Moldavie: Vol du siècle? Un milliard de dollars se sont évaporés
Actualisé

MoldavieVol du siècle? Un milliard de dollars se sont évaporés

Trois banques du pays le plus pauvre d'Europe ont accordé des crédits énormes à des clients dont on ne sait rien. Une ardoise qui pourrait mettre la Moldavie en faillite.

Procureurs anticorruption, parlementaires et même détectives financiers américains sont désemparés: ils cherchent depuis des semaines la trace des destinataires de crédits accordés par trois établissements bancaires moldaves, pour un total d'1 milliard de dollars. Il semble aujourd'hui que l'argent se soit purement et simplement envolé.

Disparition mystérieuse ou vol du siècle? L'affaire a éclaté au grand jour lorsque la Banque centrale de Moldavie a découvert que trois établissements avaient accordé des crédits pour un montant représentant 15% du Produit intérieur brut (PIB) du pays le plus pauvre d'Europe.

La transaction avait été bouclée en l'espace de quelques jours, juste avant les élections législatives de fin novembre remportées de justesse par les partis pro-européens face à l'opposition pro-russe.

Argent versé sur des comptes offshore?

Les députés se sont saisis de l'affaire. Selon un rapport d'une commission parlementaire discuté à huis-clos, mais qui a filtré dans la presse, une partie de l'argent aurait été transférée dans quatre banques russes.

Le leader de l'opposition socialiste, Igor Dodon, assure quant à lui que ces fonds auraient fini dans les comptes de plusieurs compagnies offshore, «où l'on a perdu leur trace». «Des crédits ont été octroyés tout en sachant qu'ils ne seront jamais remboursés», affirme-t-il à l'AFP.

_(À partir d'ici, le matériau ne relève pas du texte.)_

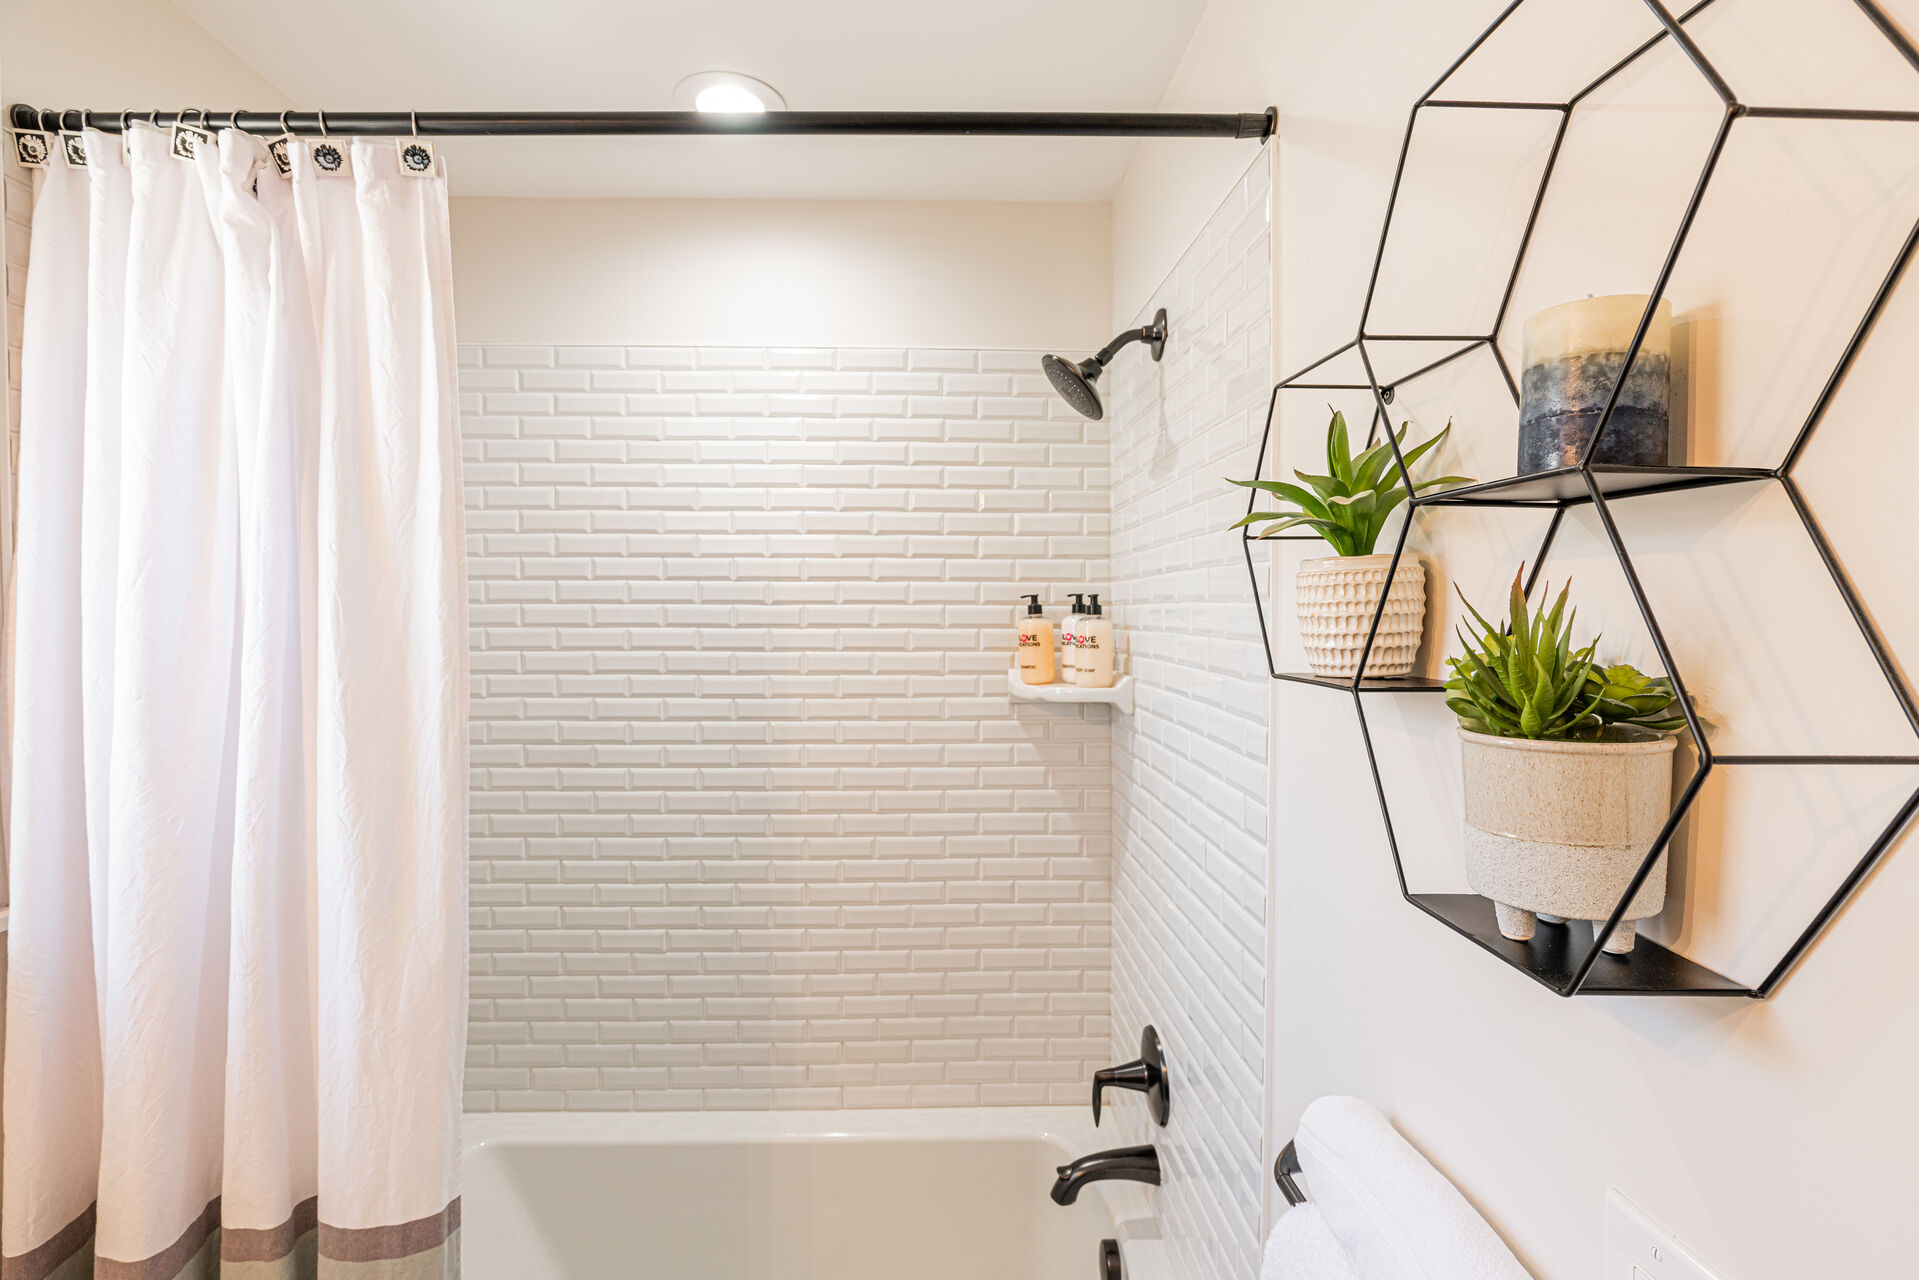 Tiled tub/shower combination

«Je ne peux pas expliquer comment on peut voler une somme aussi importante dans un pays aussi petit!» a lancé récemment le représentant de l'Union européenne (UE) en Moldavie, Pirkka Tapiola.

Le vice-Premier ministre, le Français Stéphane Bridé, ancien expert financier, parle quant à lui prudemment de «transactions suspectes» massives.

Banques sous perfusion de l'Etat

Ce scandale bancaire est à même de déstabiliser l'ensemble des finances du pays, dont la dette publique s'élève actuellement à 1,7 milliard de dollars. Pour éviter la faillite des trois établissements concernés par ces crédits suspects, ce qui aurait provoqué un vent de panique dans l'ensemble du système bancaire, la Banque centrale moldave les a placés sous sa gestion directe.

La Banque d'économies, l'Unibank et la Banque sociale ont reçu parallèlement un crédit d'urgence de 9,4 milliards de lei (700 millions de dollars). Celui-ci aurait dû être remboursé le 27 mars. Mais l'échéance est passée et rien n'est pour le moment revenu dans les caisses de la Banque centrale.

«Je suis à 100% convaincu que la somme en question ne sera pas remboursée intégralement et que la différence sera transformée en dette publique», a déclaré à l'AFP le président de la Ligue des banquiers. Dumitru Ursu accuse de négligence la Banque centrale et le gendarme des marchés financiers car, selon lui, «de telles transactions n'auraient pas pu échapper à leur surveillance», ni d'ailleurs à celle du parquet anti-corruption.

Deux limogeages et deux arrestations

Un vice-gouverneur de la Banque centrale et le président de la CNPF, le gendarme financier, ont été limogés pour l'exemple. Mais nombre d'analystes expliquent la passivité de ces institutions par des «ordres venus d'en haut», de la part d'hommes politiques influents qui auraient empoché une partie de l'argent.

Le Parquet général a ouvert une enquête. Jusqu'ici deux personnes, dont l'identité est gardée secrète, ont été placées en détention provisoire et les biens de plusieurs autres mis sous séquestre.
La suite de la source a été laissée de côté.